Kou Qiang, Wu Si, Tolic Nikola, Paša-Tolic Ljiljana, Liu Yunlong, Liu Xiaowen
Department of BioHealth Informatics, Indiana University-Purdue University Indianapolis, Indianapolis, IN 46202, USA.
Department of Chemistry and Biochemistry, University of Oklahoma, Norman, OK 73019, USA.
Bioinformatics. 2017 May 1;33(9):1309-1316. doi: 10.1093/bioinformatics/btw806.

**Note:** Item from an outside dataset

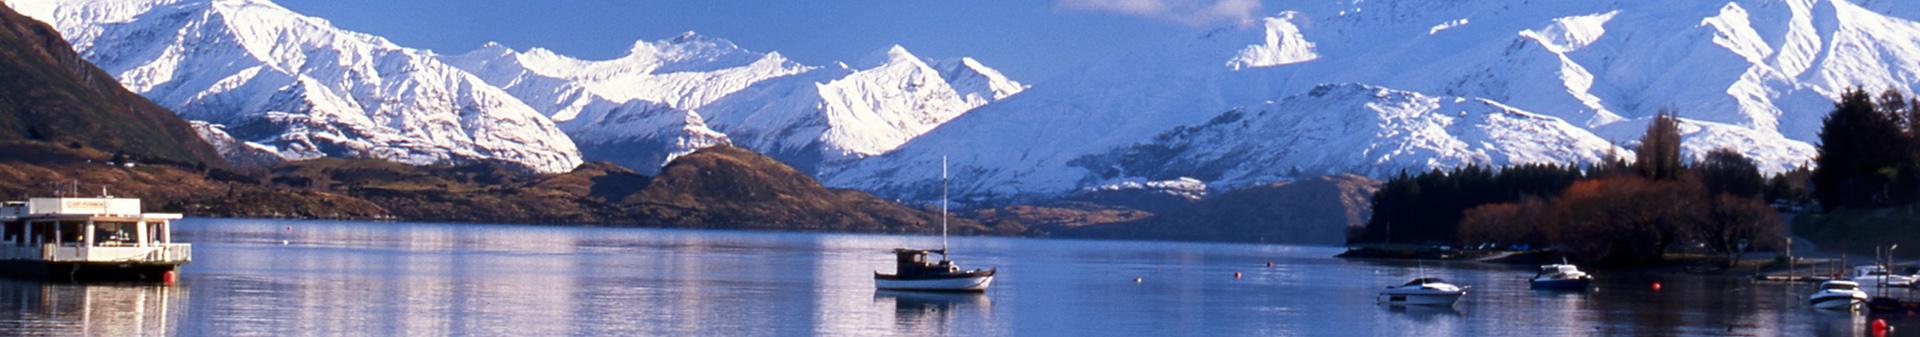 Winter Lake boats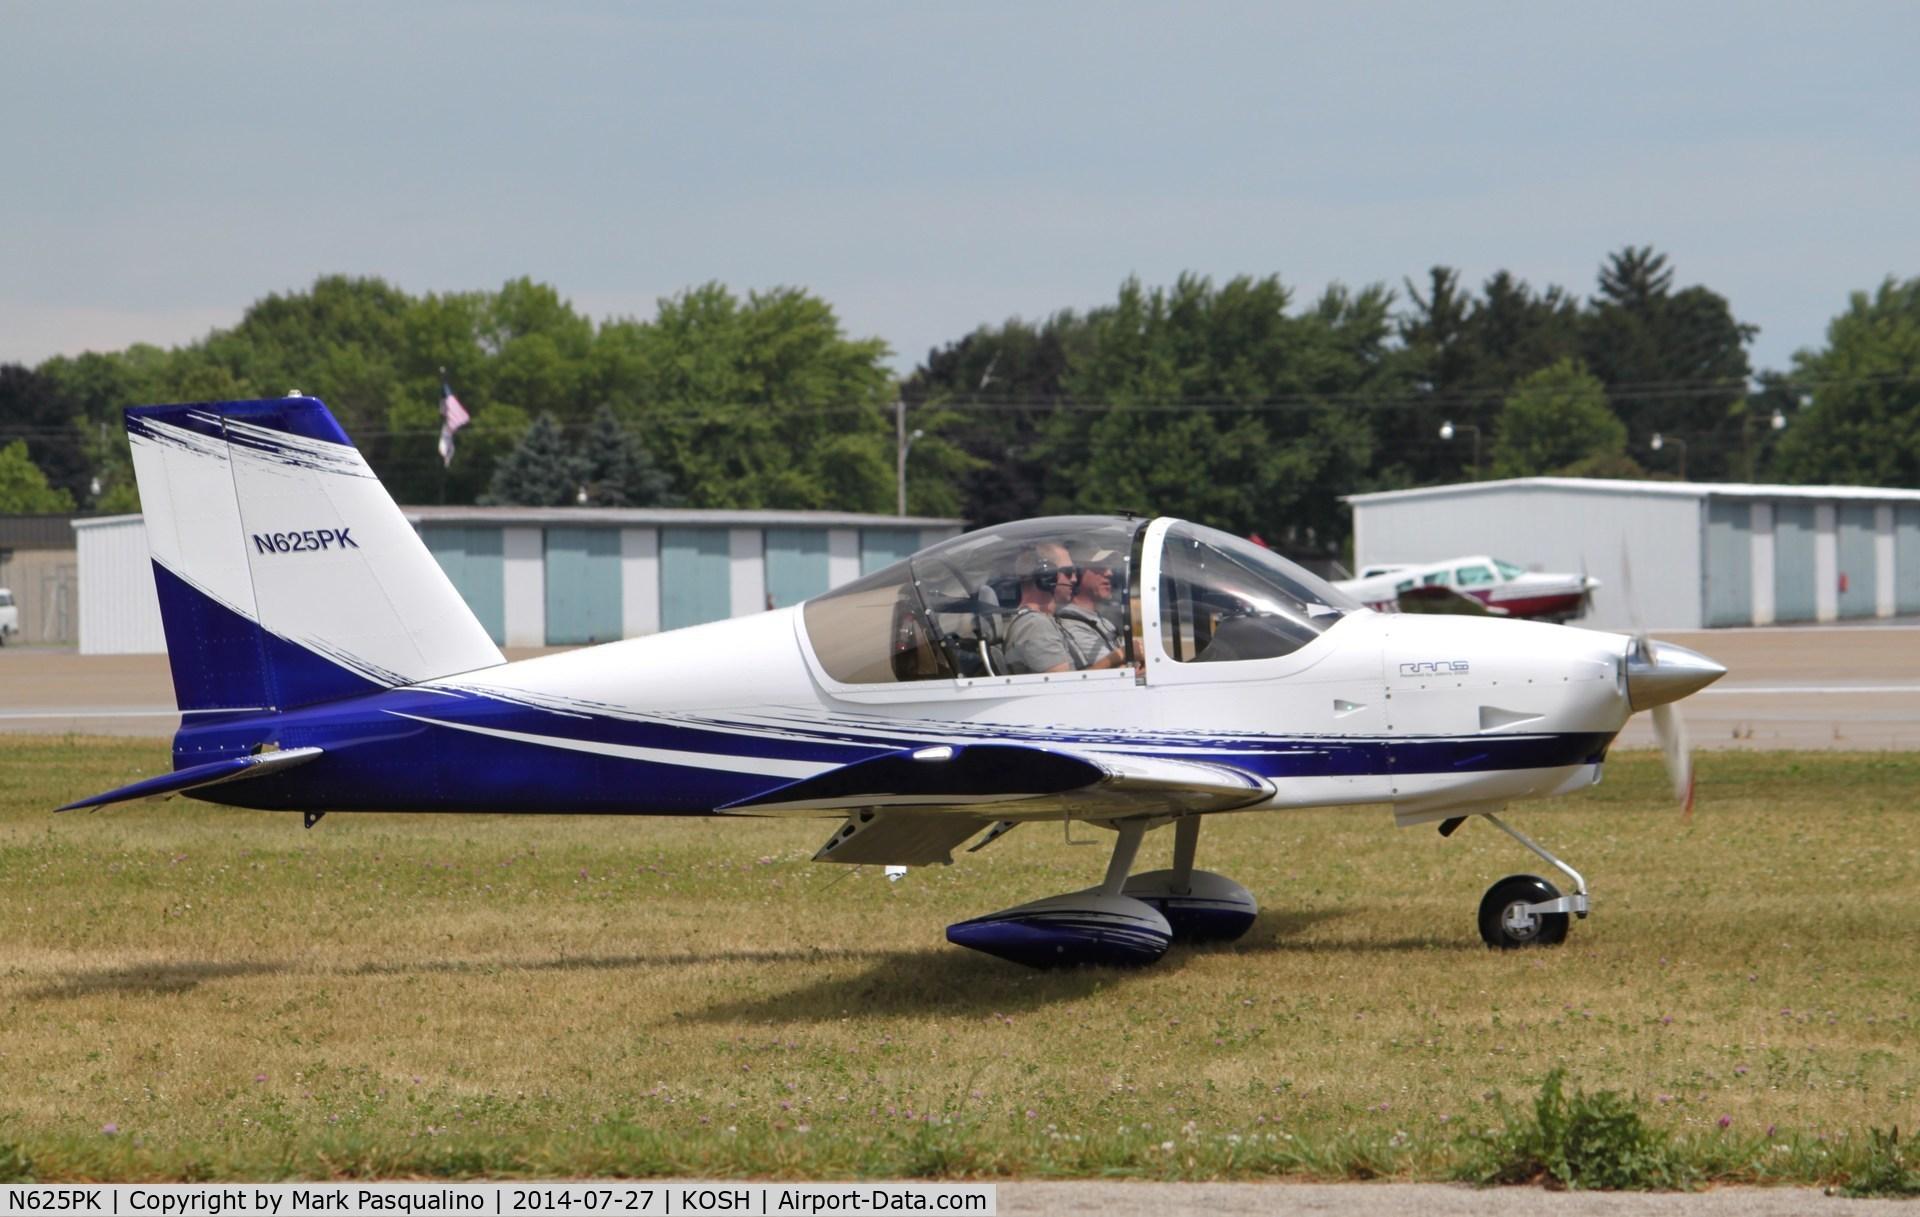 Aircraft N625PK (Rans S-19 Venterra C/N 090800034) Photo by

Although proteomics has rapidly developed in the past decade, researchers are still in the early stage of exploring the world of complex proteoforms, which are protein products with various primary structure alterations resulting from gene mutations, alternative splicing, post-translational modifications, and other biological processes. Proteoform identification is essential to mapping proteoforms to their biological functions as well as discovering novel proteoforms and new protein functions. Top-down mass spectrometry is the method of choice for identifying complex proteoforms because it provides a 'bird's eye view' of intact proteoforms. The combinatorial explosion of various alterations on a protein may result in billions of possible proteoforms, making proteoform identification a challenging computational problem.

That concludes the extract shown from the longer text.